Roman Catholic Church in Tamil Nadu, India

St. Antony's Church is a Roman Catholic church situated in Bommidi, Dharmapuri district, Tamil Nadu, India. This church holds great prominence among the Christians, leading to its elevation as a Shrine by the Dharmapuri Diocese.

==History==

The history of Catholicism in Bommidi dates back to the late 19th century. During those days Mallapuram was a village presented next to the Bommidi village, Till now in government village revenue record the Mallapuram name is present. But Bommidi was expanded as town so the Mallapuram became one of an area of Bommidi and this name was no longer used. During the famine years between 1861 and 1864, Rev. Fr. Joseph Trione, a priest from Kovilur, visited Bommidi and provided assistance to the people during the crisis. As a result, nearly 98 individuals in Mallapuram (Bommidi) received baptism. In 1972, François-Jean-Marie Laouënan Bishop Laouënan of Pondicherry Archdiocese reported that there were around 80 Catholics residing in Malappuram. In 1990, a chapel was constructed in Bommidi, which is also mentioned in the Salem Diocese records along with the building of chapels in Seliampatti and Gollapatti between 1899. Until 1930, the Mallapuram Chapel was under the supervision of the Kovilur Parish priest. However, when B.Pallipatti Church was established as a new parish in 1930, the Bommidi Chapel became a substation of B. Pallipatti. The history books also highlight the participation of two Indian freedom fighters named Arokiasami and Rayyappan from Bommidi, the "August Revolution" against British India in 1942. This shows the presence of Catholics in Bommidi.
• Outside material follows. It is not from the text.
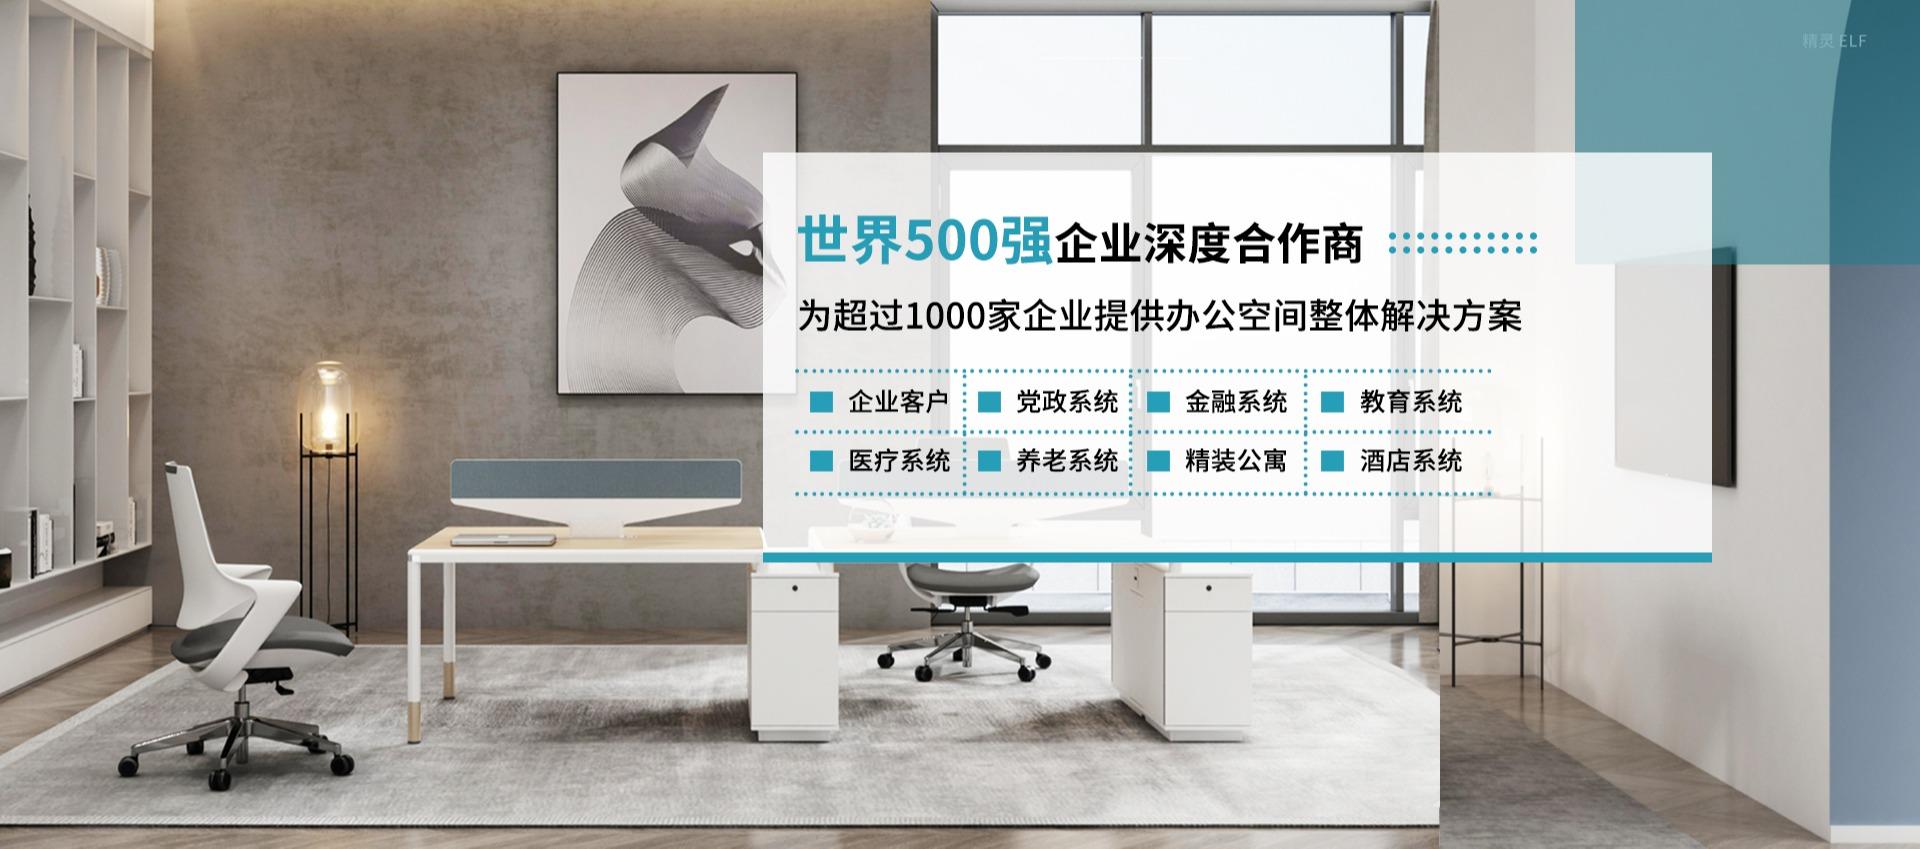 梵创家具-世界企业500强深度合作商

In 1956, during the tenure of B.Pallipatti Parish priest TC Joseph constructed a church in the name St. Antony's and also along with this he constructed a parish house in Bommidi. In 1957 Bommidi became a parish church and Fr. Fernand Antonin Legion MEP, who became the first parish priest of Bommidi. As per Salem Diocese records indicate that Bommidi became a parish in 1955, but as per the baptism record shows the parish started in 1957. Later next to the old church 3.25 acres of land were acquired in 1958. Fr. Legion, during his tenure in Attur, he built a Dispensary there, which he later entrusted to the SMMI sisters. Similarly, a Dispensary named St. Teresa's was established in Bommidi, and he requested SMMI sisters to manage it. In response to the priest's request, the SMMI sisters (Salesian Missionaries of Mary Immaculate) arrived in Bommidi on October 15, 1958, to provide their services to the villagers, including primary education for children.

==Church==

In 2001, due to inadequate space of old church, plans were made to construct a new church (present church) in Bommidi under the guidance of parish priest Fr. Adiruban. Groundbreaking for the new church took place on February 4, 2001, then it completed and inaugurated on June 13, 2002, by Bishop Joseph Anthony Irudayaraj of the Dharmapuri Diocese. Additionally, a parish house was built in 2003, and an Oratory of Sermon of Saint Anthony to the Fish was established behind the church. Until 1997, St. Roch Church in K. Morur served as a substation of Bommidi. When the Dharmapuri Diocese was formed from the Salem Diocese, the K. Morur Church was handed over to Kongrapatti Parish. In early 2000s Kalaignar Nagar, a housing colony was formed by government this causes many catholic settlements happened in this area with the help of government a land was acquired for the church and Periyanayagi Madha Church was built and became a substation church of Bommidi Parish.